La justice de genre est réalisée lorsque femmes et hommes, filles et garçons jouissent de façon égale des droits humains, ont des responsabilités égales, et un accès égalitaire aux chances et opportunités de vie, ainsi qu’au pouvoir et aux ressources nécessaires pour contribuer à la société, qu’importe leur genre ou sexe. La justice de genre cherche à ce que tout le monde puisse être libéré de systèmes culturels et interpersonnels de privilège et d’oppression, de violences et de répressions basées sur le genre. Le rôle potentiellement transformationnel des leaders et individus religieux dans l’élimination des causes profondes des inégalités de genre, et pour s’exprimer contre l’injustice de genre, pointant le problème comme problème politique aussi bien que moral, n’est souvent pas apprécié à sa juste valeur. Même s’il faut admettre que les leaders religieux peuvent être partie du problème, ils peuvent et sont de plus en plus partie de la solution.
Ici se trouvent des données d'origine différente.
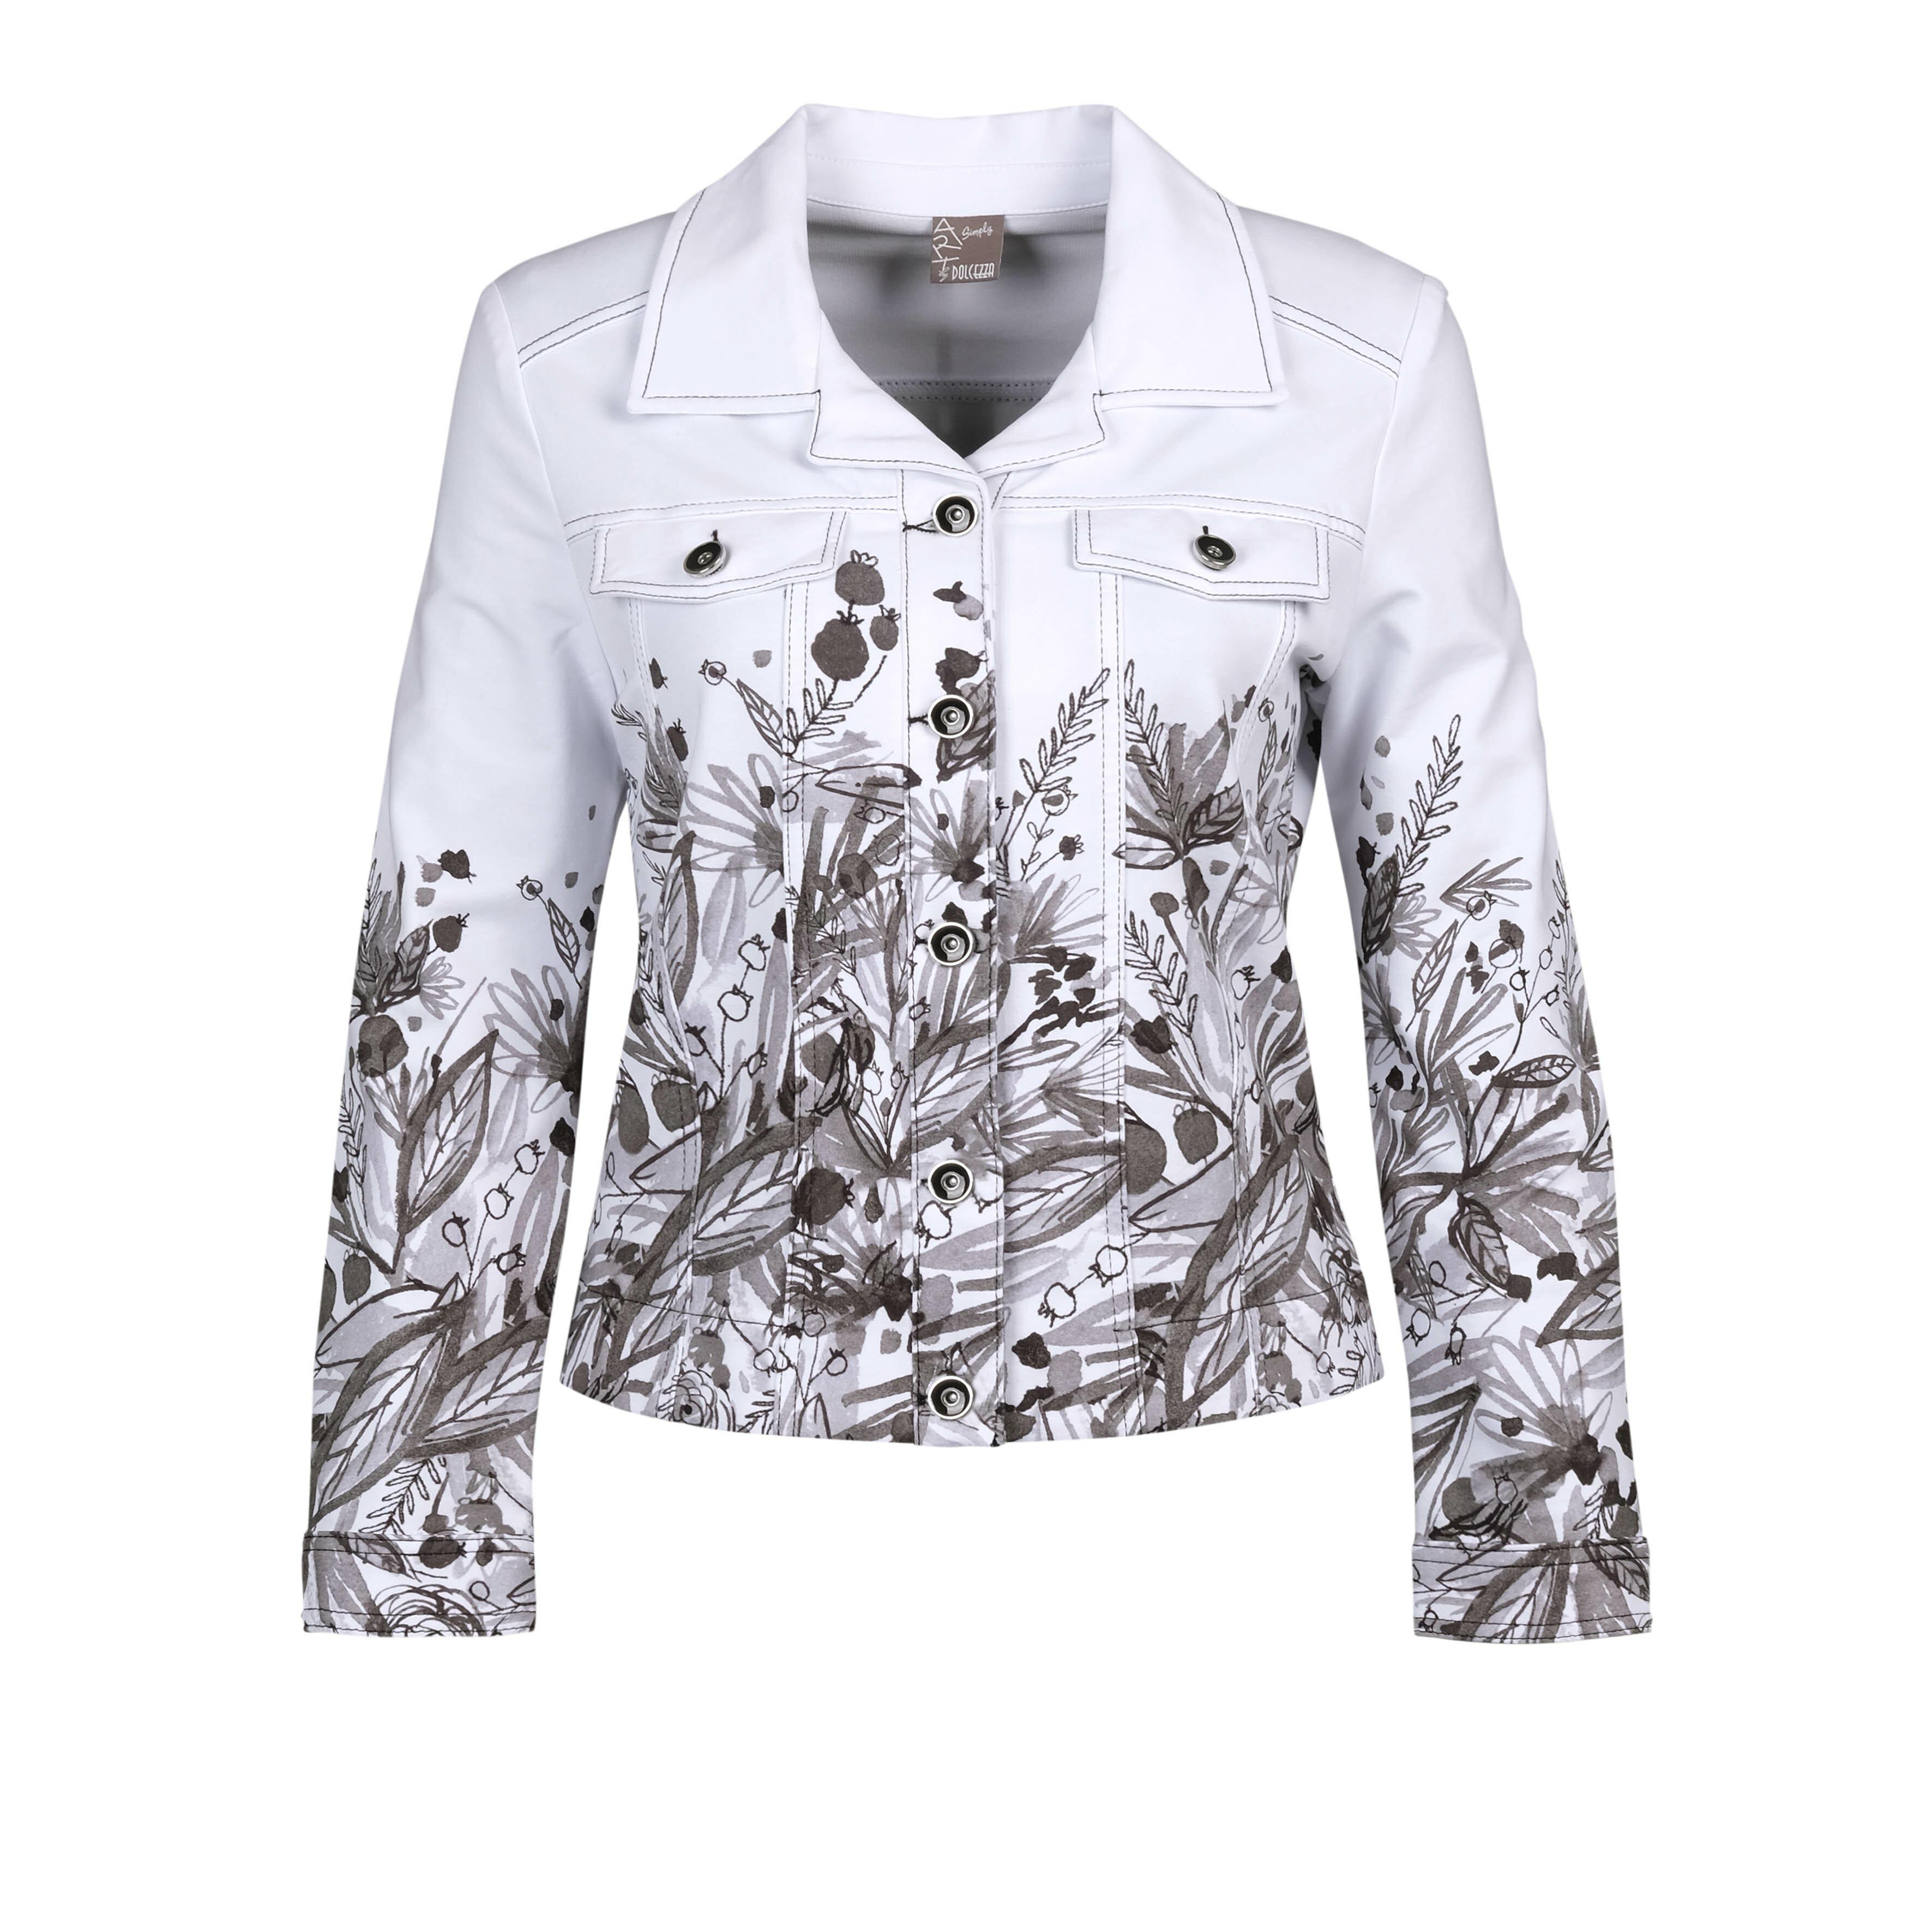 Simply Art Dolcezza: Wild Flowers In Black & White Abstract Art Soft Denim Jacket (2 Left!)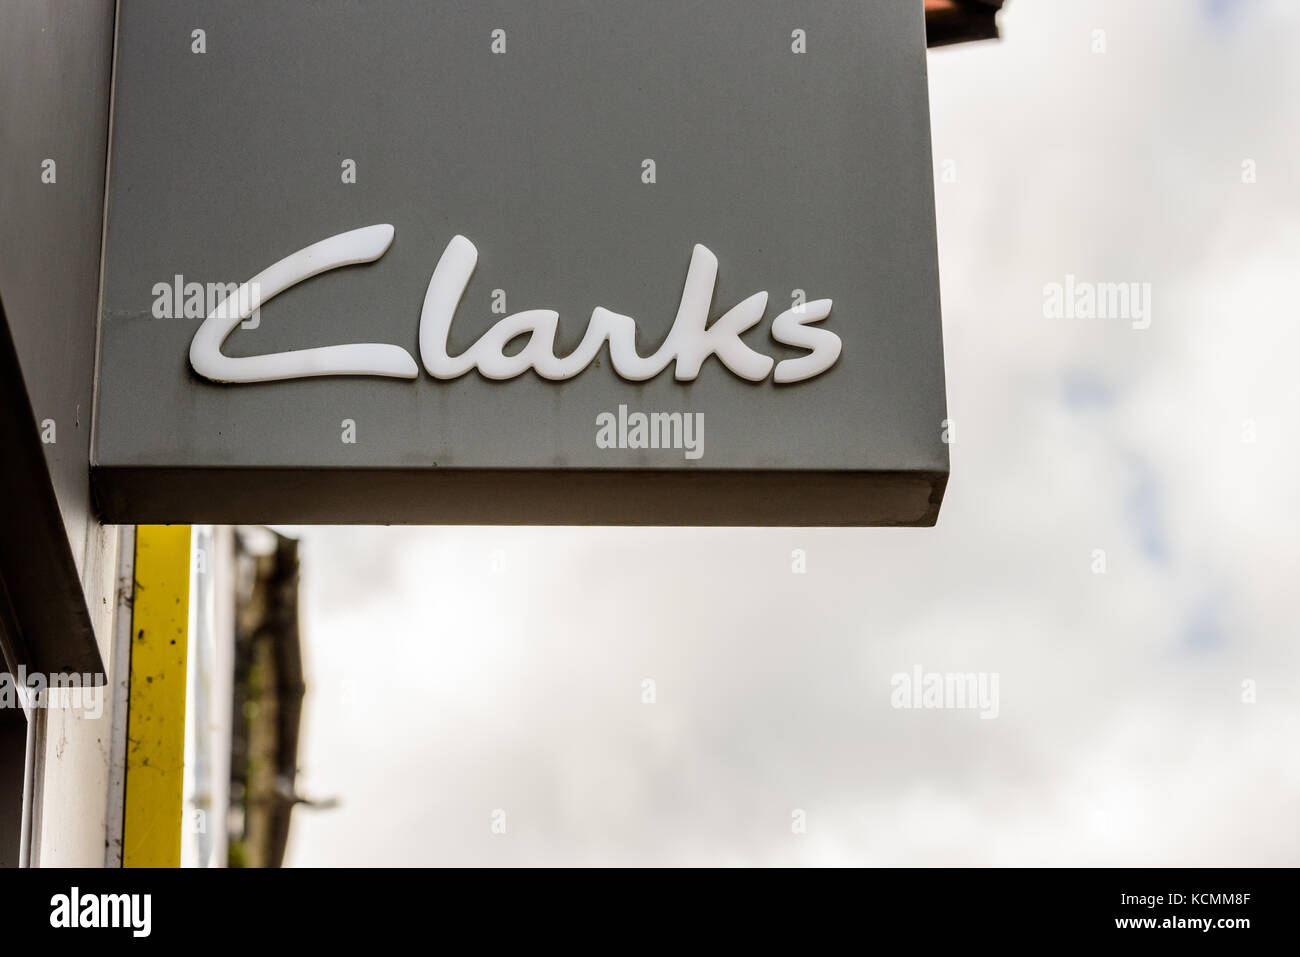 Clarks Shoes Earls Barton

De l’avis de plusieurs experts rencontrés, il est bien établi et documenté que les groupes religieux à travers le monde sont efficaces dans la provision de services, notamment dans les domaines de la santé et de l’éducation. Ce qui est bien moins reconnu, c’est qu’aux niveaux local, national, régional et mondial, les leaders religieux contribuent à la prise de décision, à l’élaboration de politiques, et au processus législatif. Malgré le défi posé par des voix religieuses régressives, des exemples à travers le monde montrent des leaders et groupes religieux plaidant activement et efficacement pour des résultats promouvant la justice de genre. Les structures politiques, économiques, religieuses, éducatives, culturelles, judiciaires et administratives peuvent créer et renforcer les inégalités entre les genres. Le plaidoyer pour le genre se comprend comme la remise en question et le changement de ces structures et systèmes qui privilégient un genre et en marginalisent un autre, via l’influence sur les politiques et les pratiques des puissants. Le plaidoyer, fondamentalement, est à propos de transformation et de justice. Les leaders religieux parlent avec une autorité et crédibilité morales uniques et représentent souvent un grand nombre de personnes. Aux niveaux communautaires et de la congrégation, où ils ont une présence permanente, mais également aux niveaux national et international, ils occupent des positions respectées ; ils sont écoutés. Ils ont de nombreuses opportunités d’enseigner et d’influencer leurs congrégations, que ce soit par leurs sermons ou leurs liens avec leurs communautés au sens large. Dépendamment des arrangements constitutionnels nationaux, ils peuvent avoir une influence politique formelle et informelle.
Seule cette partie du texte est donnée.